Look, I think Australians don't know when they're onto a good thing would probably be the other than brunch.
We appreciate brunch very much, but certainly we're getting a lot of propaganda from America and the UK and Canada and Australians lack an identity of our own, so we just sort of think that we're the same, which we aren't actually.
So I should point out these protests are sort of against COVID regulations and lockdowns and forcing people to have vaccines.
Yes, which A, we're not doing.
We're not forcing people to have vaccines.
There are sort of private businesses that are doing vaccine mandates, and also all of the lockdowns are mostly ending as we hit these vaccine targets.
So it seems like a little bit of a late, late
rally.
And this this is not huge numbers of people, it's sort of thousands of people across Australia, which is quite a big country.
But the anti-vax protests are just one of these fascinating modern phenomena where all of the different sides of the debate, of which there are about six, all of them are calling each other Nazis, including the Nazis.
I saw a man on a train, I was overhearing his conversation, and he was saying he had a swastika neck tattoo.
So, first of all, important piece of context for this little piece of conversation.
He had a swastika neck tattoo, and he was calling the Australian government fascists.
Which,
I mean, you can't accuse someone of trying to perpetuate the Fourth Reich
if you look like you approve of the Third Reich.
I just.
Yes, I mean, that's, I mean, at best, a tainted brand, certainly.
So, I feel like this can be all contextualized by a man that I used to know.
He used to live in the suburb and he sold nut butter from a small shop, and it was like really fancy, expensive, delicious nut butter.
It was made with macadamias and coconut oil.
It was absolutely delicious, and it cost like $12 and it was amazing.
And he would wear shorts only, and you would go in and buy the nut butter from him.
He would call everybody captain, and he maintained firmly that everyone needed to do six shits a day
for optimum health, and that you needed to begin your day by drinking a litre of salt water.
And his walls were lined with pamphlets telling you about how there were parasites in the water, and the government was controlling the radio.
And he was a delight.
He was a delight.
Throughout my teens, I would go in and have a chat with him, and he would tell me about how often I needed to do poo.
And
he enriched the society of which he was a part.
He was a figure in the community.
The problem is that now the internet means these people can find each other
and organise rallies.
Right.
And that makes me sad.
Yes.
Because Captain Nut Butter, one lone nut butter salesman propounding the virtue of six shits a day enriches a community, but they should never be linked up, I think is my theory.

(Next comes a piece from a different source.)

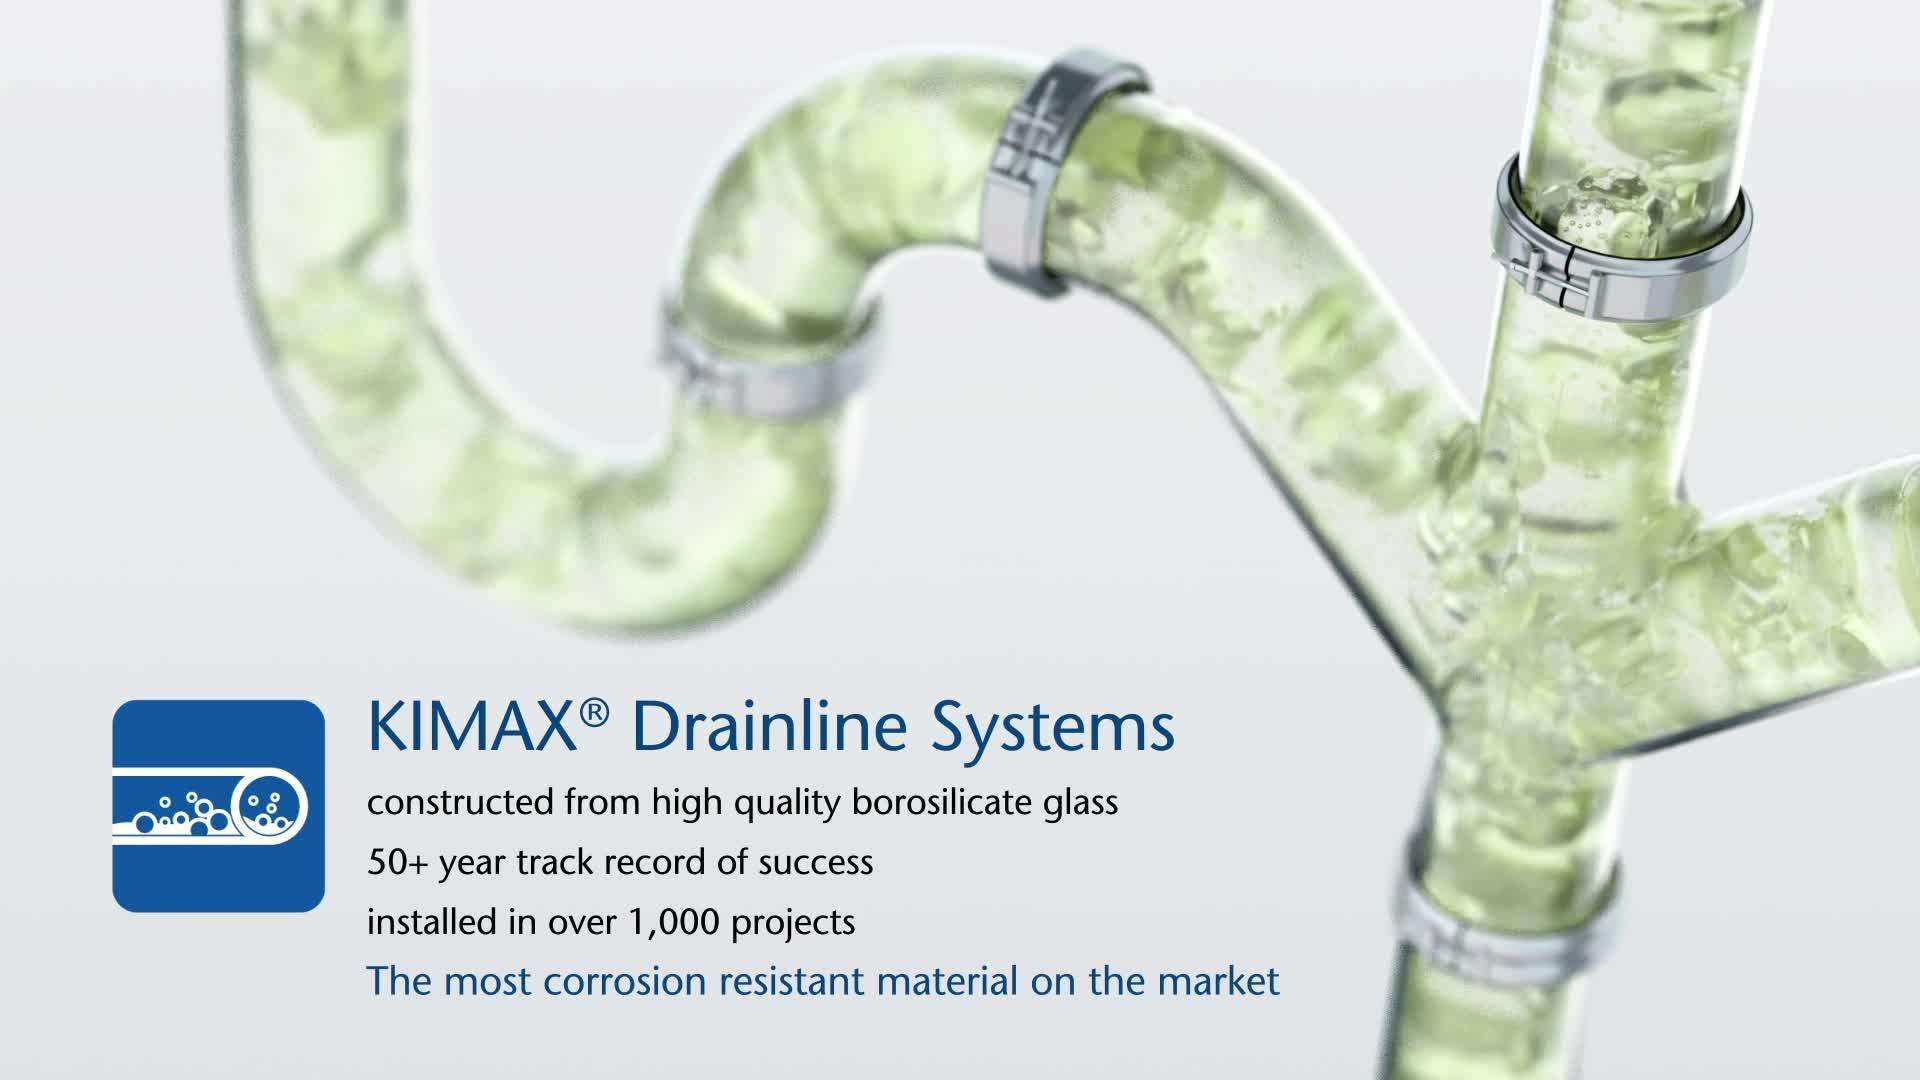 La animación muestra la resistencia a la corrosión de una línea de drenaje de vidrio KIMAX® en comparación con una polimérica.
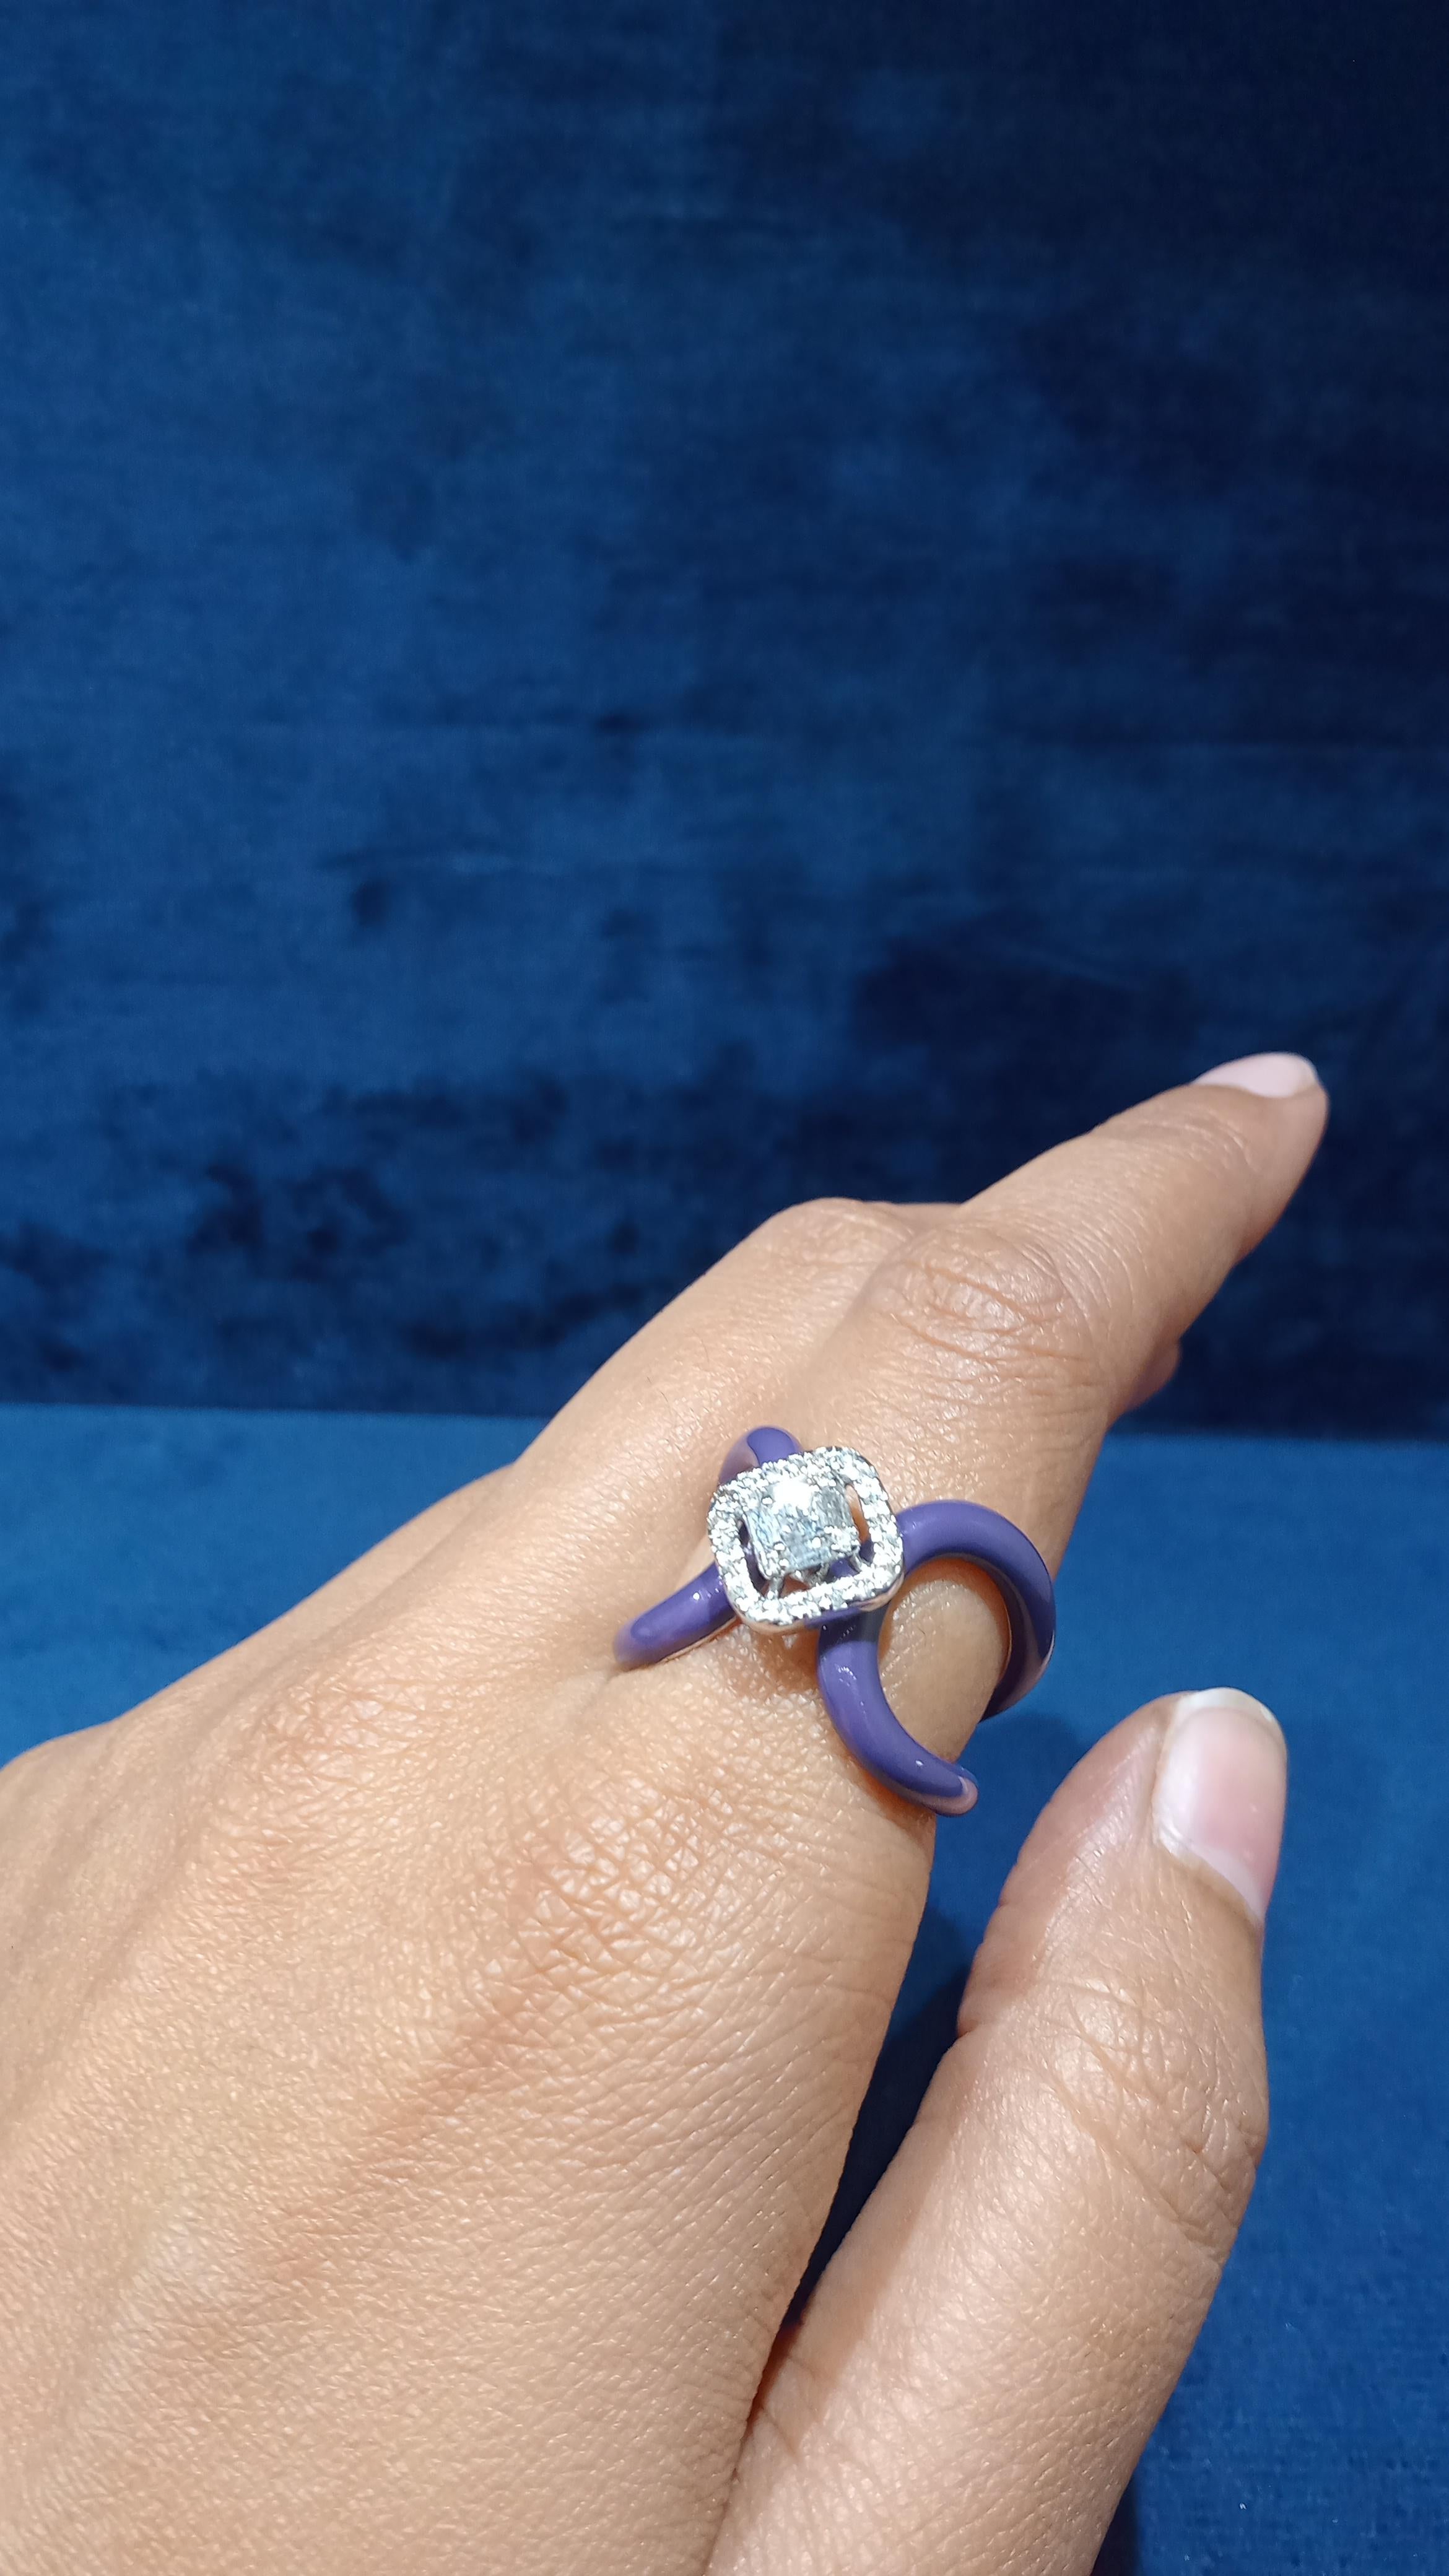 For Sale:  14 Karat White Gold Enamel Fancy Shape White Diamond Ring 3

Six shits a day, that's a logistical nightmare.
It is true.
Try to do emissions trading of some kind.
He just thought no disease could linger in the body if you were doing that much.
And I have to say, my baby does significantly more than that.
Yes, I've seen it.
Very healthy.
I've seen your baby in action.
Yes,
highly efficient system.
Some fairly extraordinary things have happened at these protests.
There were chance to hang the Premier of Victoria, Dan Andrews, who's trying to pass the legislation in Victor.
That's another thing with Australia that
it's a country, but it's a sort of federation, isn't it, of different states with their own governments and then the national government on top.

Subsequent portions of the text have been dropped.